Reduce Timing Measurement Scope to Bottom 80% of Tracked Functions #996

TeachMeTW · 2024-11-23T18:03:33Z

Summary

Focuses on reducing the scope of timing measurements to only the bottom 80% of tracked functions. The changes remove measurement for functions contributing less significantly to overall execution time.

Changes

Functions removed from timing measurement (bottom 80%):
- TRIP_SEGMENTATION/create_dist_filter
- TRIP_SEGMENTATION/create_time_filter
- TRIP_SEGMENTATION/get_data_df
- TRIP_SEGMENTATION/get_filters_in_df
- TRIP_SEGMENTATION/get_time_range_for_segmentation
- TRIP_SEGMENTATION/get_time_series
- TRIP_SEGMENTATION/handle_out_of_order_points
- TRIP_SEGMENTATION/segment_into_trips_dist/check_transitions_post_loop
- TRIP_SEGMENTATION/segment_into_trips_dist/continue_just_ended
- TRIP_SEGMENTATION/segment_into_trips_dist/get_transition_df
- TRIP_SEGMENTATION/segment_into_trips_dist/mark_valid
- TRIP_SEGMENTATION/segment_into_trips_dist/post_loop
- TRIP_SEGMENTATION/segment_into_trips_dist/set_new_trip_start_point
Retained function timings for:
- ACCURACY_FILTERING
- CLEAN_RESAMPLING
- CREATE_COMPOSITE_OBJECTS
- CREATE_CONFIRMED_OBJECTS
- EXPECTATION_POPULATION
- JUMP_SMOOTHING
- LABEL_INFERENCE
- MODE_INFERENCE
- STORE_USER_STATS
- USER_INPUT_MATCH_INCOMING
- TRIP_SEGMENTATION/segment_into_trips_dist/get_filtered_points_df

Context

Currently, only the dist_filter function was triggered in the staging dataset. I'll test locally to determine if the time_filter function can be triggered in additional scenarios.

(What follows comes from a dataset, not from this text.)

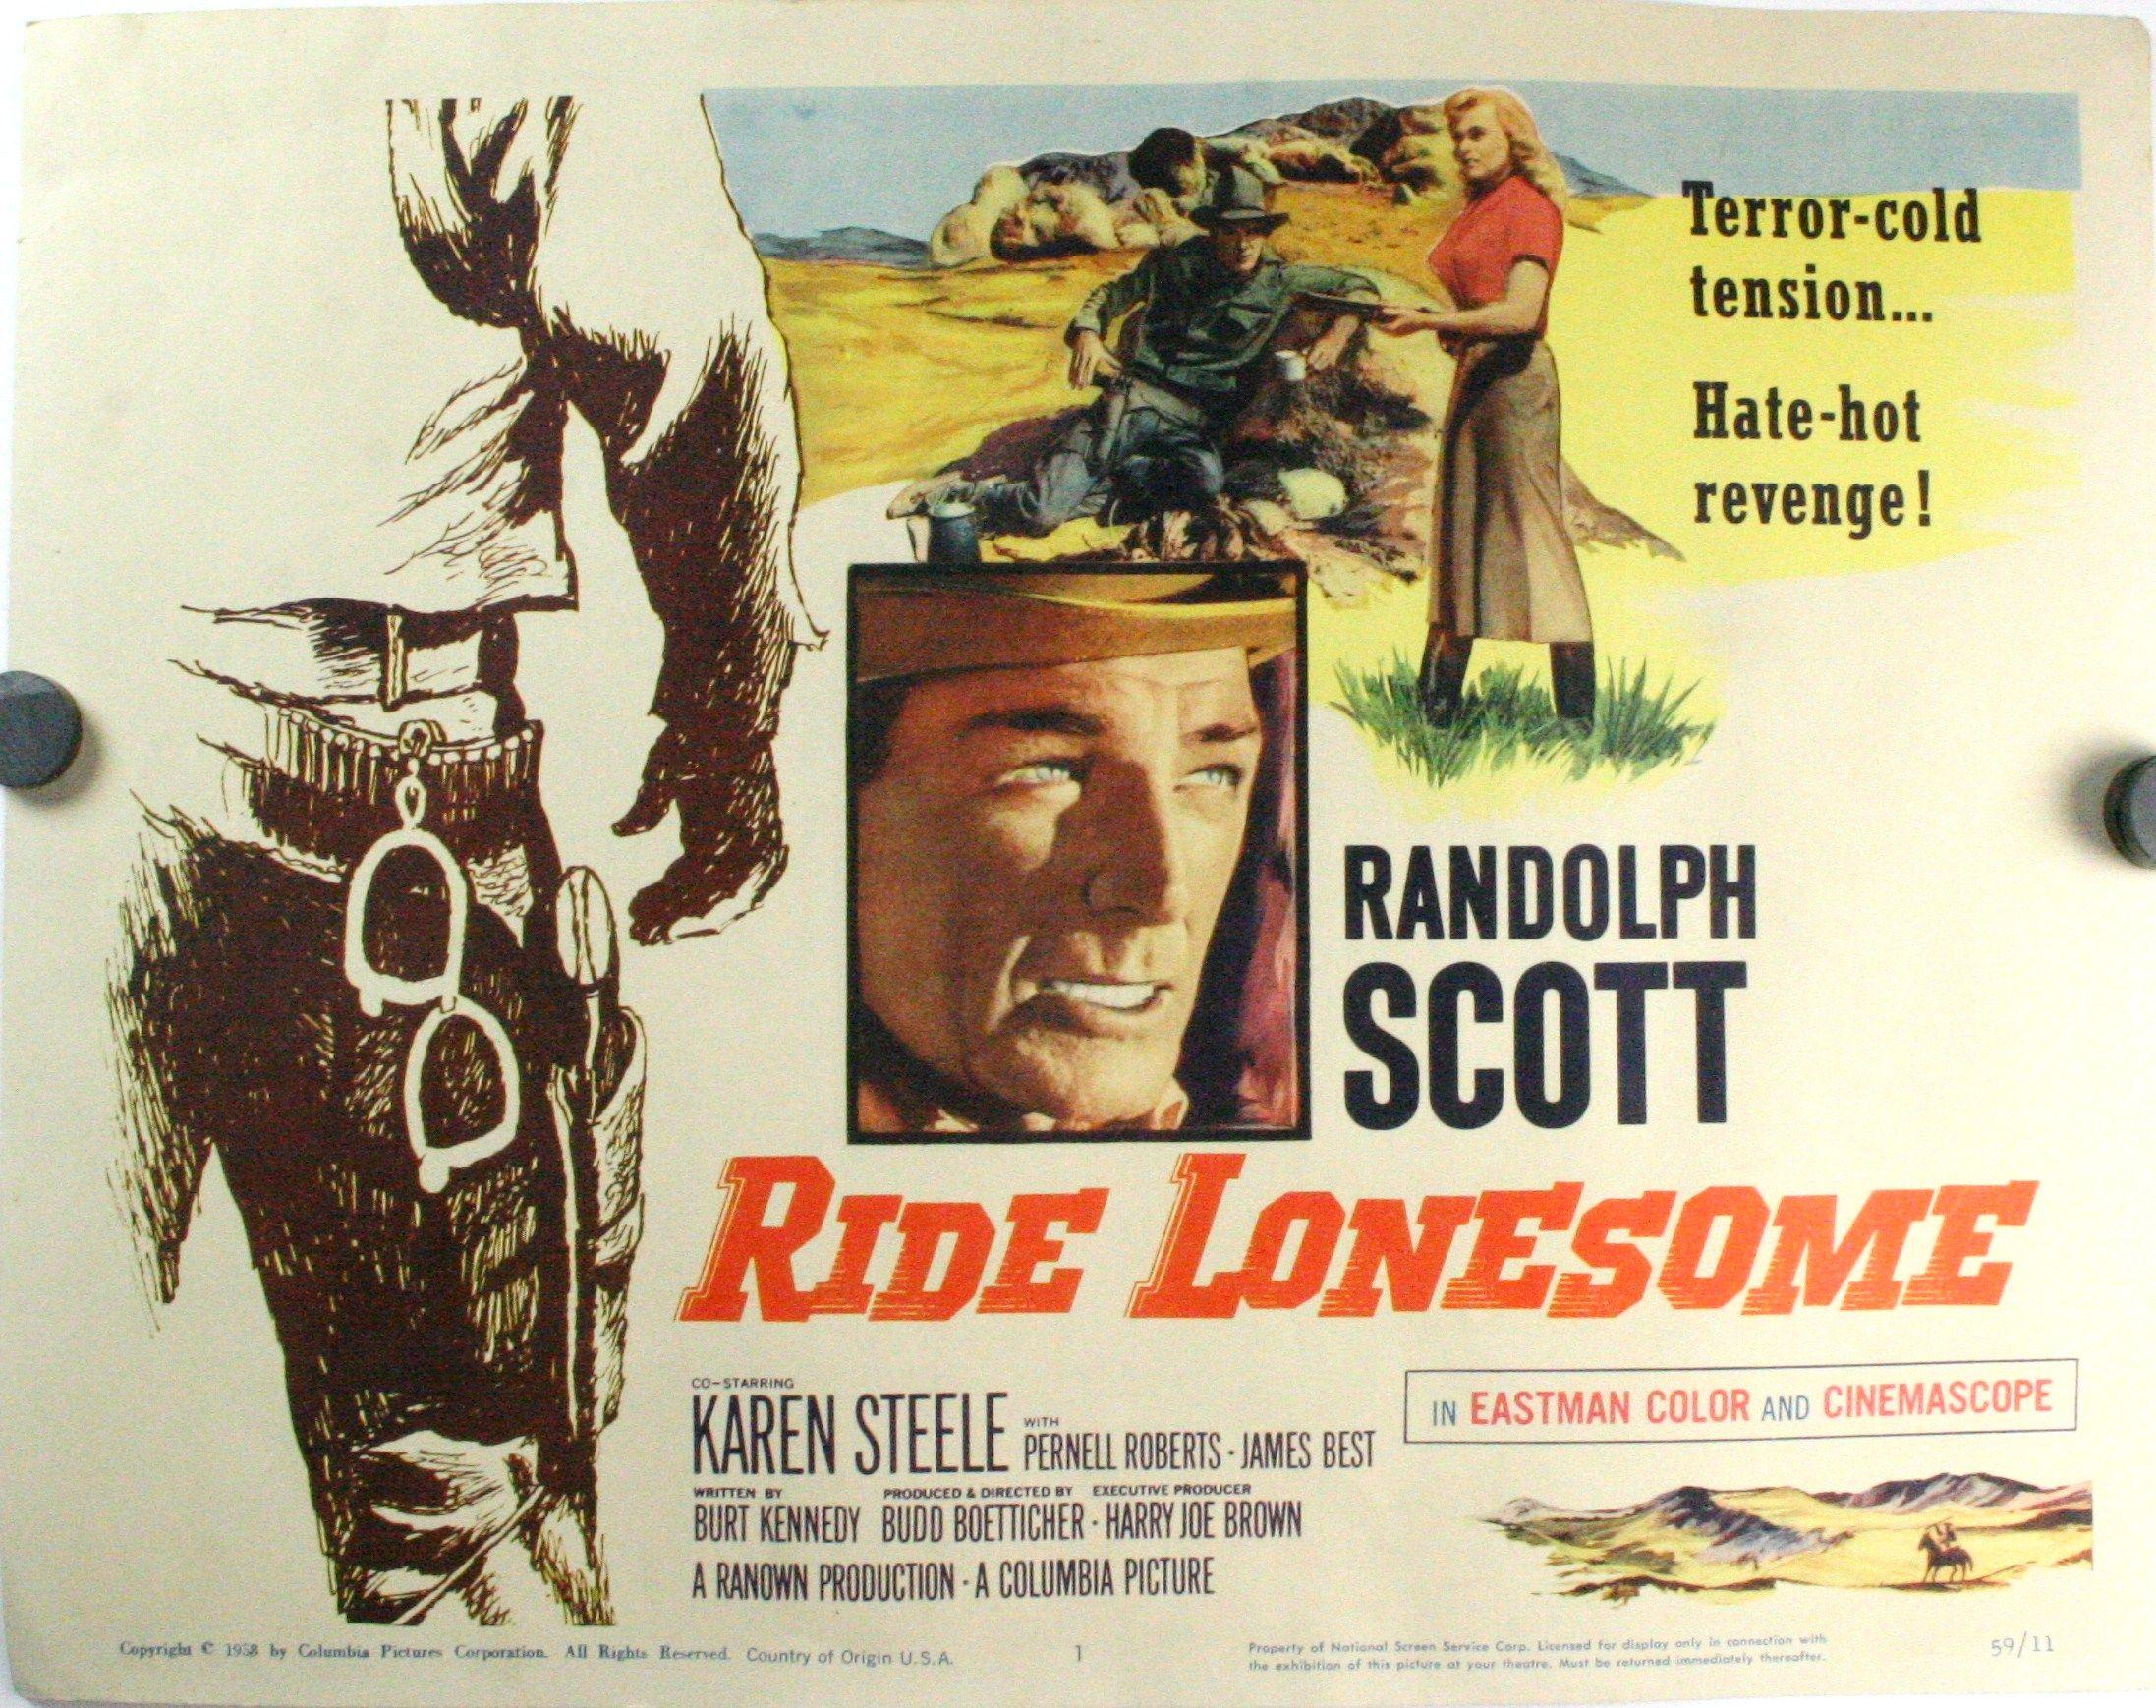 RIDE LONESOME STARRING RANDOLPH SCOTT, Set of 8 Lobby Cards ...

The focus of this PR is exclusively on functions in the bottom 80% of tracked execution times. An exploration of the top 20% will follow in a subsequent PR.

Testing Plan

Conduct local testing to confirm:
- Functionality is unaffected by the removal of timing measurements.
- Triggers for time_filter and other functions behave as expected in local and staging environments.

Next Steps

Monitor performance in staging with reduced scope.
Prepare a follow-up PR to address timing measurements for the top 20% of tracked functions.

- Removed timing for less significant functions in TRIP_SEGMENTATION pipeline - Focused retained measurements on key contributors - Prepare for local testing to validate `create_time_filter` triggering - Will explore top 20% timing optimizations in a follow-up commit

- Removed tracking for additional functions identified as low-impact during iOS and Android local testing. - Retained tracking for key contributors to overall execution time. - Suggested broader retesting on staging, production, or different datasets to validate changes.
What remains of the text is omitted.